Un style centré vers l’humain

Bien que le style pictural de Berthe Morisot relève bien du mouvement auquel elle adhère, elle s’éloigne tout de même du sujet propre à l’impressionnisme: les paysages. «Elle s’intéresse davantage à la peinture de figures, donc aux portraits, à la peinture de personnages, précise M. Gagné. C’est ce qui fait sa spécificité et sa force.» Les personnes de son entourage étaient ses premiers modèles.

MMT160284 Eugene Manet (1834-92) on the Isle of Wight (oil on canvas) by Morisot, Berthe (1841-95); 36x46 cm; Musee Marmottan Monet, Paris, France; Giraudon; French, out of copyright
Berthe Morisot, Eugène Manet à l’île de Wight, 1875. Huile sur toile, 38 x 46 cm. Paris, Musée Marmottan-Monet

Et c’est pourtant le paysage qu’elle explore durant ses années de formation auprès, entre autres, du peintre paysagiste Camille Corot. Un moment de sa vie que l’artiste a choisi de détruire. «Elle croyait moins au style de ces années. Lorsqu’elle commence à exposer avec les impressionnistes, elle conserve ses toiles et c’est ce qui est le plus connu sans aucun doute, raconte M. Gilbert. Le style où elle cherche à fixer des moments fugaces de lumière, de mouvements très libres et très émouvants.»

Une histoire d’impression

Remettant en question les principes artistiques qui définissaient jusqu’alors la représentation picturale, l’impressionnisme apparaît comme un mouvement en marge dans la seconde moitié du 19e siècle. D’ailleurs, le nom qu’il porte vient d’une moquerie d’un critique d’art. Mais ce qui était un genre mineur gagnera une place essentielle, notamment l’expression subjective dans la pratique artistique, selon M. Gilbert. «Ce langage plastique de Morisot et les autres va devenir très important, indique-t-il. La spontanéité, la touche légère, la prépondérance de la couleur sur le dessin. Ils sont tous issus de cette intention. Ils vont avoir un impact très important dans l’histoire de l’art.»

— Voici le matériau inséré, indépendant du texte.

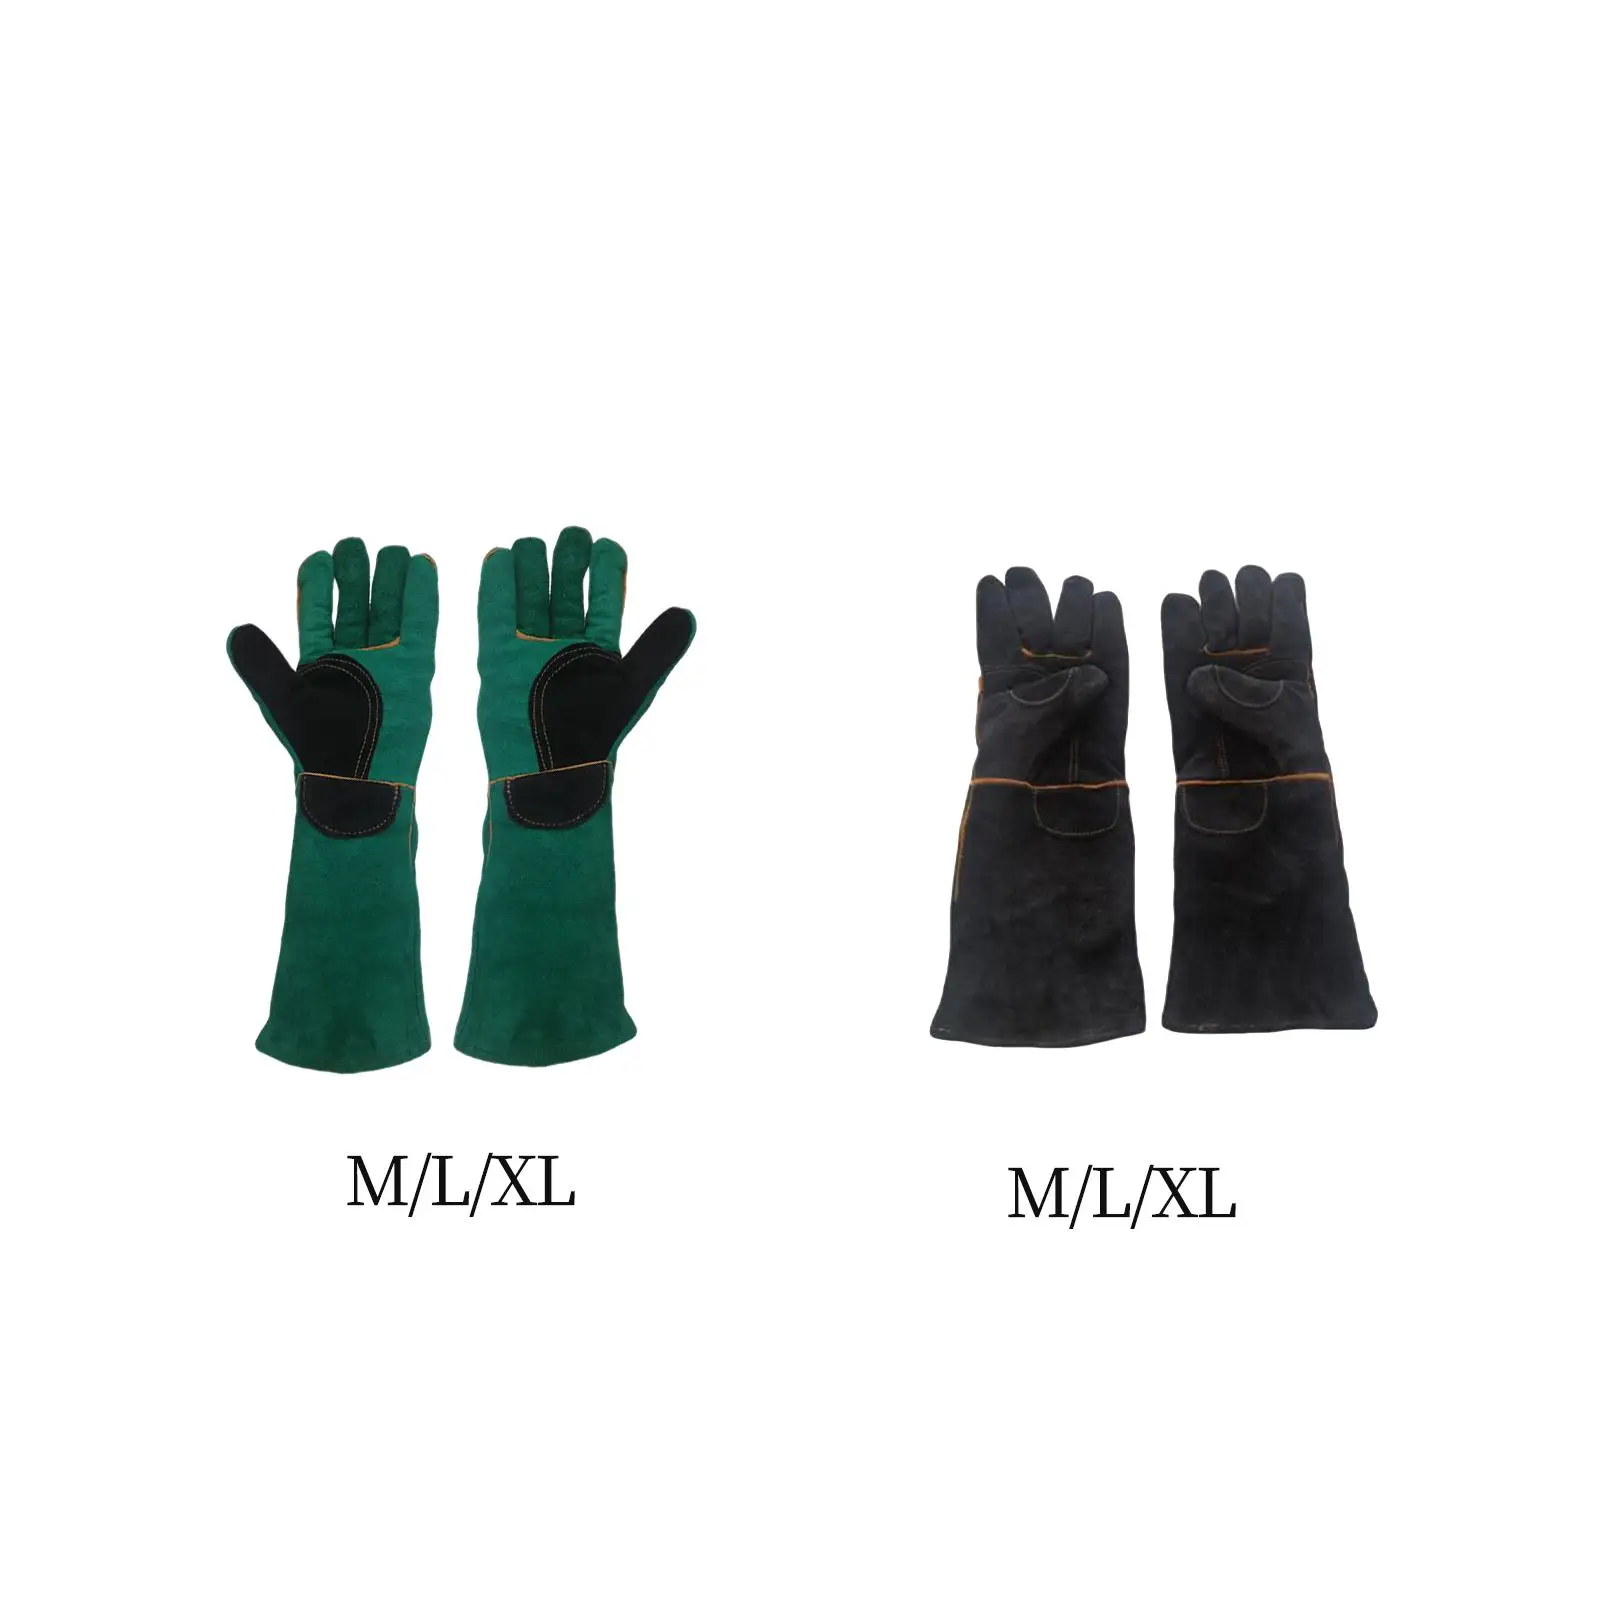 43cm Animal Handling Gloves Pet Reinforced Leather Training Anti Scratch Bite Resistant Protective for Zoo Worker Cat Dogs

Il s’agit d’un style dont les acteurs veulent sortir de leur atelier, être en pleine nature. «Ils veulent traduire l’impression qu’ils ressentent devant les motifs, leur sensation immédiate. C’est une manière inédite, différente, d’exprimer leur expérience du monde.»

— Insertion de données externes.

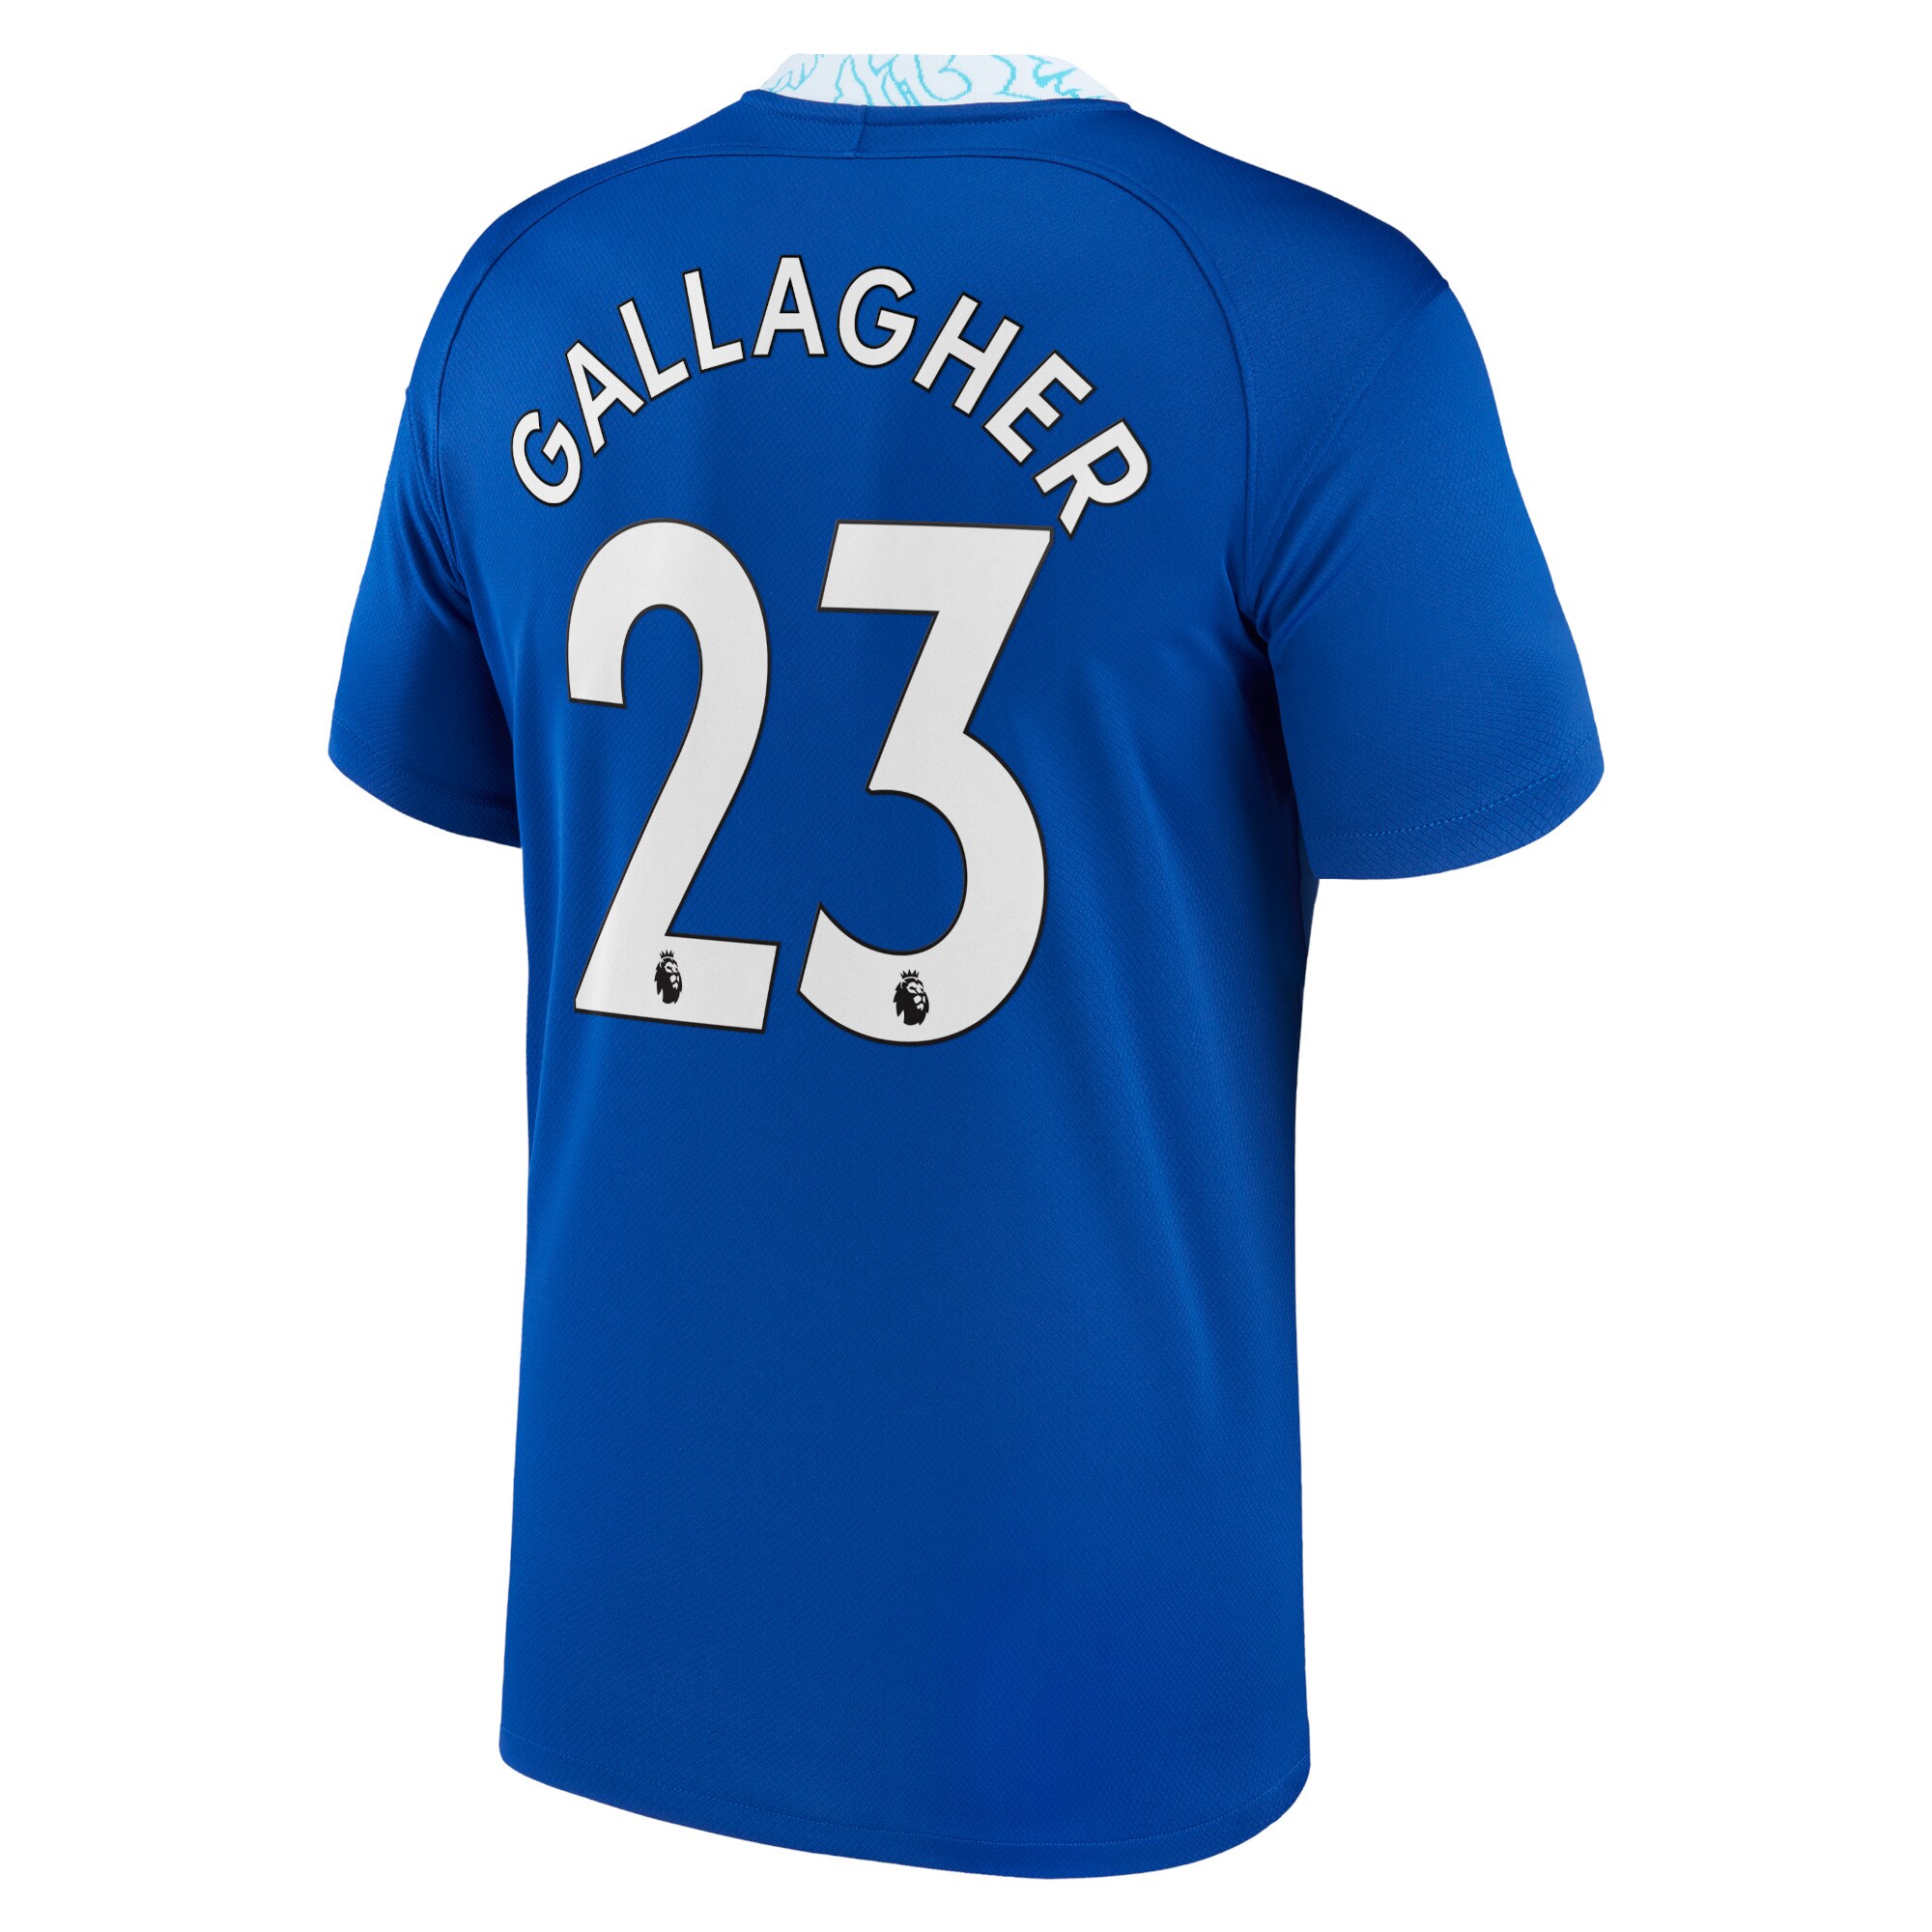 Chelsea Home Stadium Shirt 2022-23 with Gallagher 23 printing

«Plusieurs femmes importantes à leur époque sont redécouvertes aujourd’hui, c’est bien tant mieux, l’histoire de l’art se réécrit constamment comme toutes les histoires, qui doivent être réécrites à l’aube des jugements et des valeurs d’aujourd’hui», soutient le conservateur. Selon lui, il faut faire redécouvrir Morisot, dont l’œuvre était caractérisée par l’élégance.